Is your website mobile-friendly? Not just, how does it look on a mobile phone, but is it being ranked by Google as being mobile-friendly?
Beginning on April 21, Google will be using mobile-friendliness as a ranking signal. According to their the official Google Webmaster Central Blog, “This change will affect mobile searches in all languages worldwide and will have a significant impact in our search results. Consequently, users will find it easier to get relevant, high quality search results that are optimized for their devices.”
Since over 60% of web searches are done on mobile phones, Google has decided that it can take advantage of this behavior, so that users can have the best and most efficient experience possible.
When users search for your website, Google will order the results on your mobile device that is based on the mobile friendliness of the website they are searching for. There will even be a tag in the search results that says “Mobile-friendly”, as shown below.

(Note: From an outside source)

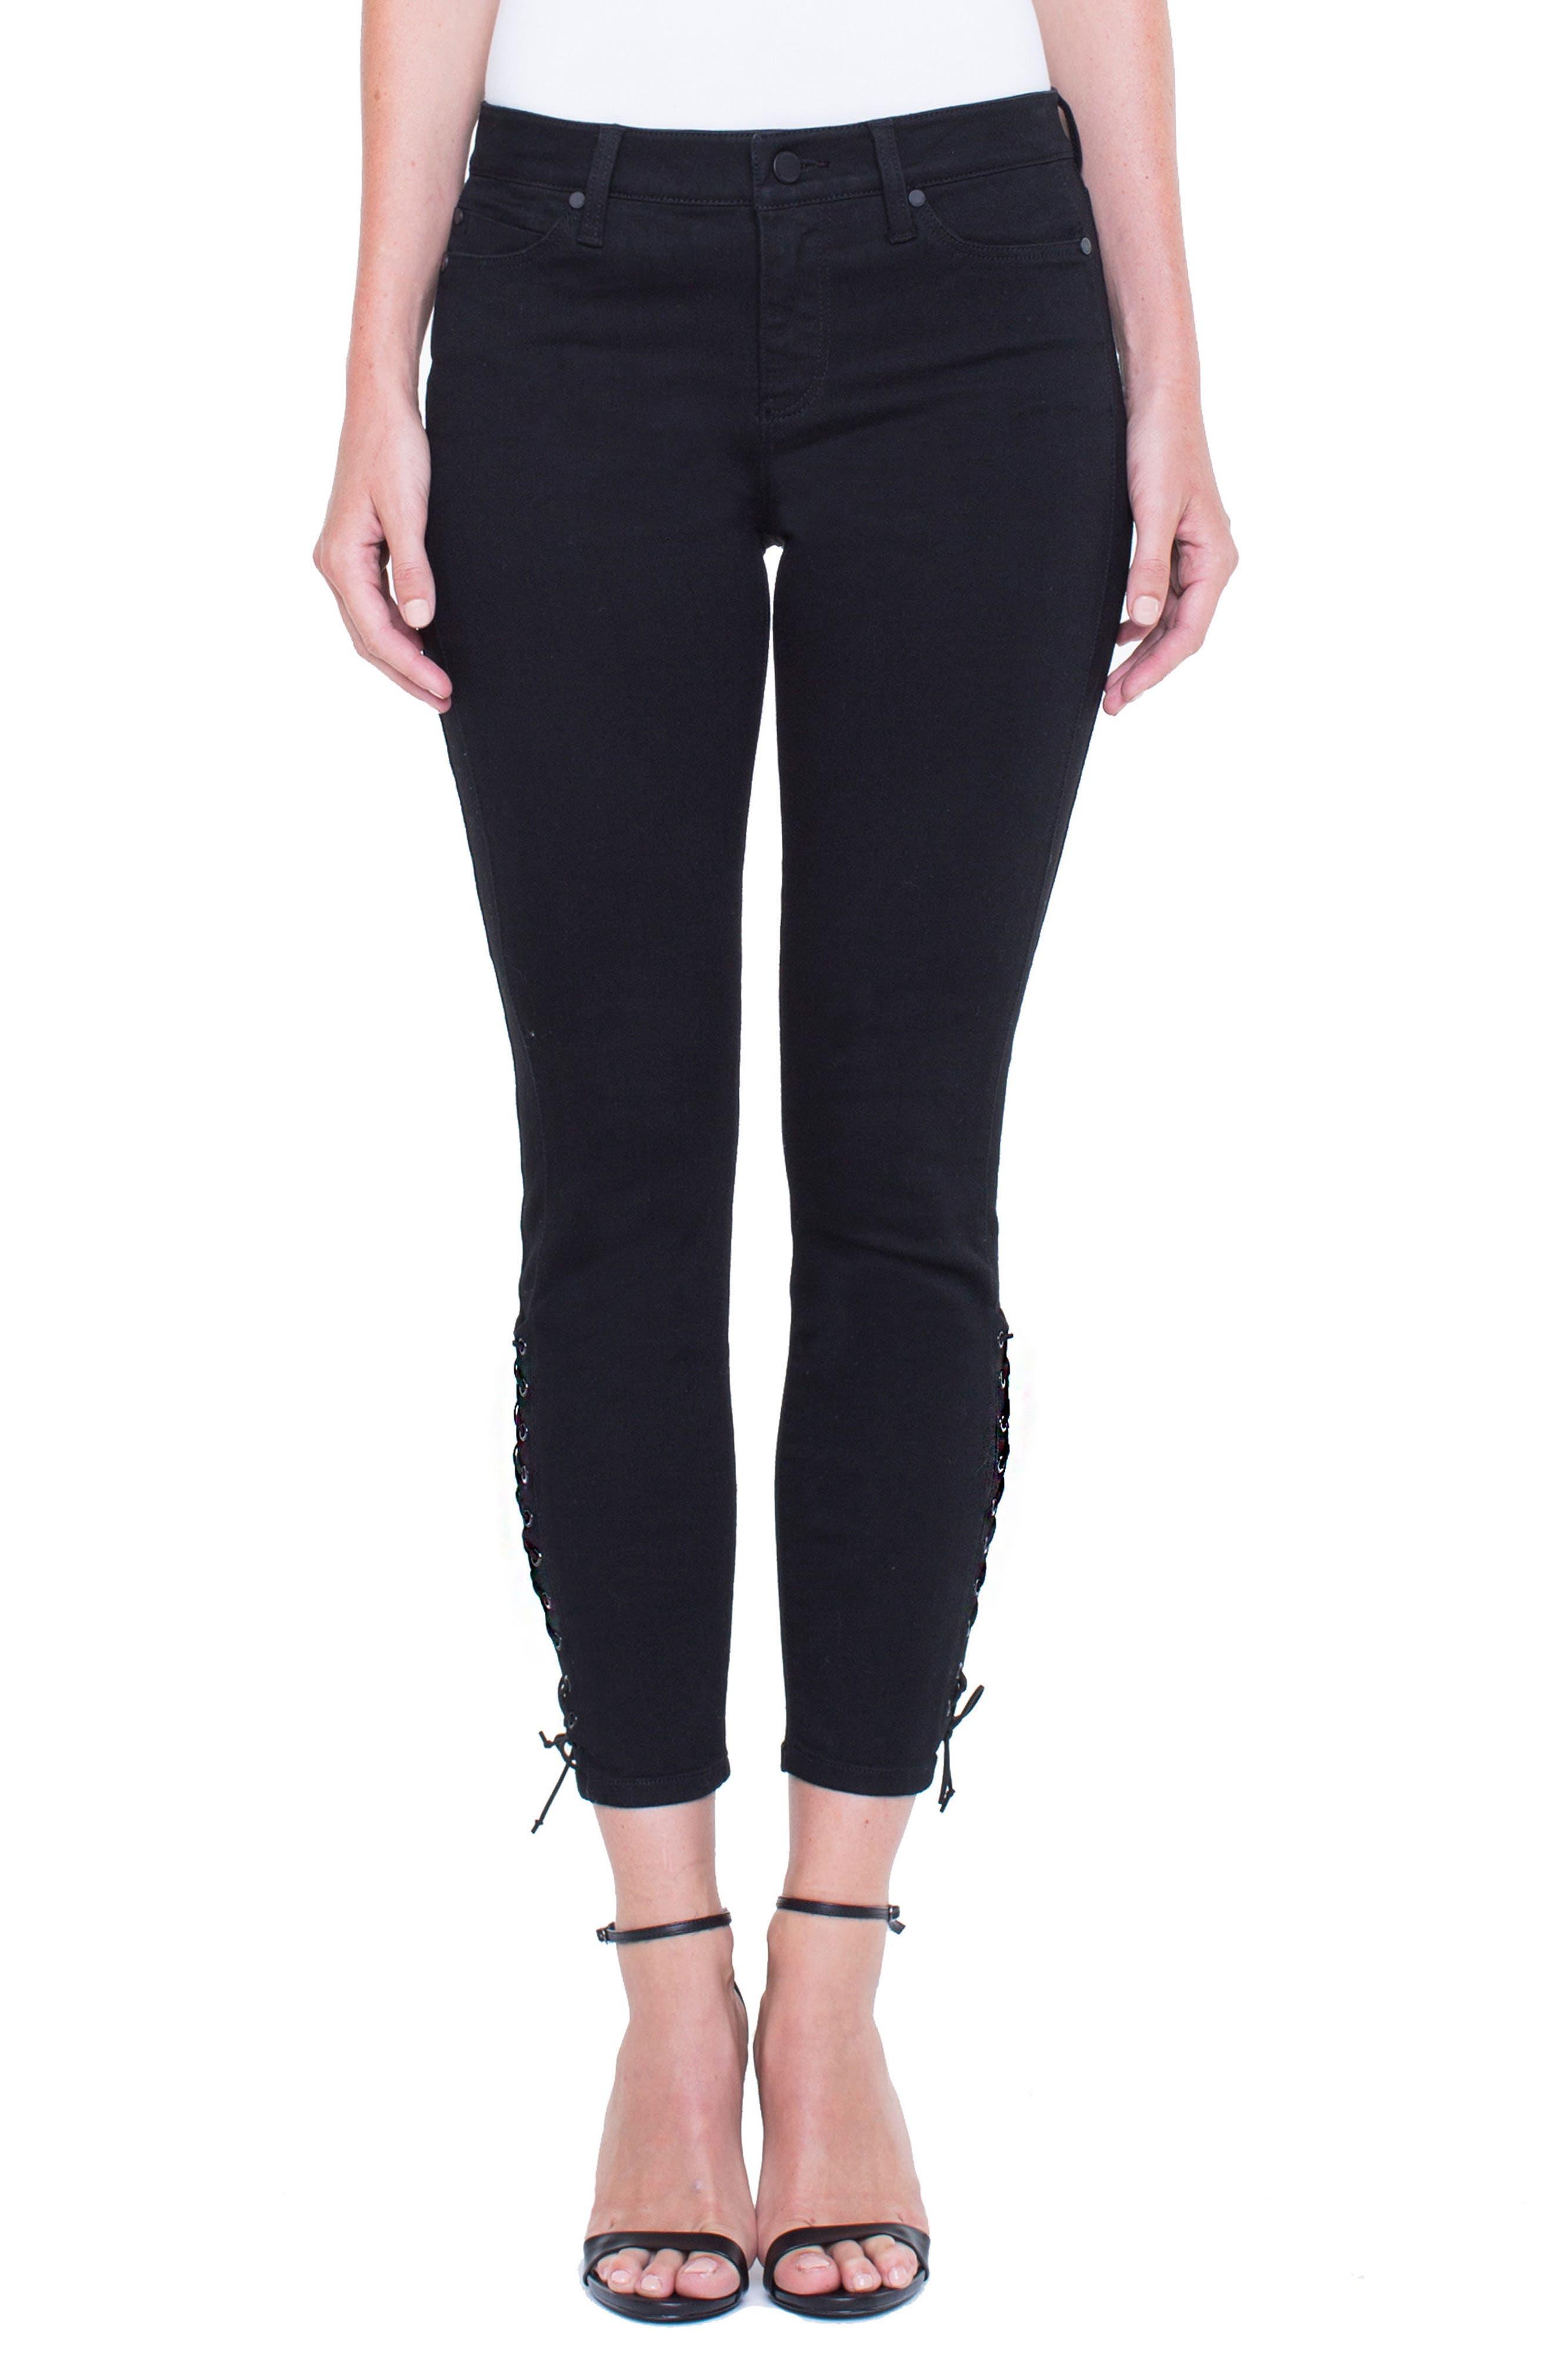 Alyssa Lace-Up Crop Skinny Jeans,                         Main,                         color, Black Rinse

In a Google+ hangout, Mary, from the Webmaster team, explained that “if you have the mobile-friendly label in the search results, which is the same as showing up as mobile friendly, if you use our mobile friendly testing tool, then your site will be considered mobile friendly in our ranking change. Keep in mind that it is on a per page basis.”

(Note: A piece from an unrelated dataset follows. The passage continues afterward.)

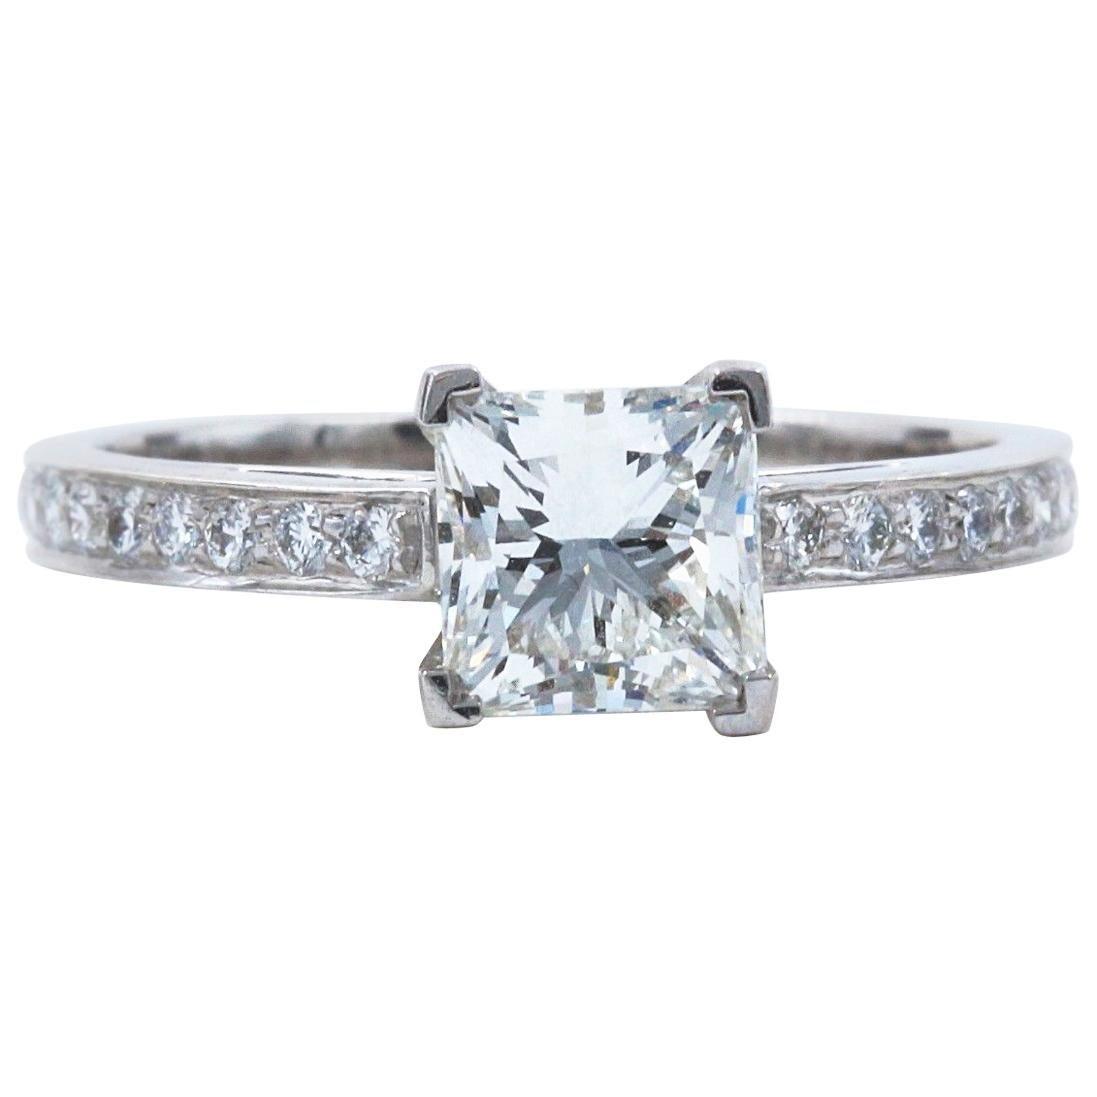 Tiffany & Co. Princess Diamond Engagement Ring 1.29 Carat Platinum

Jill Kocher explained that “Page by page means that each page’s mobile friendliness is judged separately. That’s good news if your ecommerce catalog is mobile friendly but your forums or other content sections are not. The unfriendly sections will not cause your entire site to be ranked as unfriendly. Real time means that you can expect to see the mobile ranking benefit of making your site mobile friendly right away. The next time Googlebot crawls your pages and determines that they are newly mobile friendly, the mobile-friendly ranking algorithm would kick in for those pages. This is especially good news because some algorithm updates have been processed on a monthly or unknown time cycle and applied to the algorithm in batches.”
What effect will this have on your business? It’s difficult to know, but Google’s Zineb Ait Bahajji says it will have more of an impact than Panda or Penguin.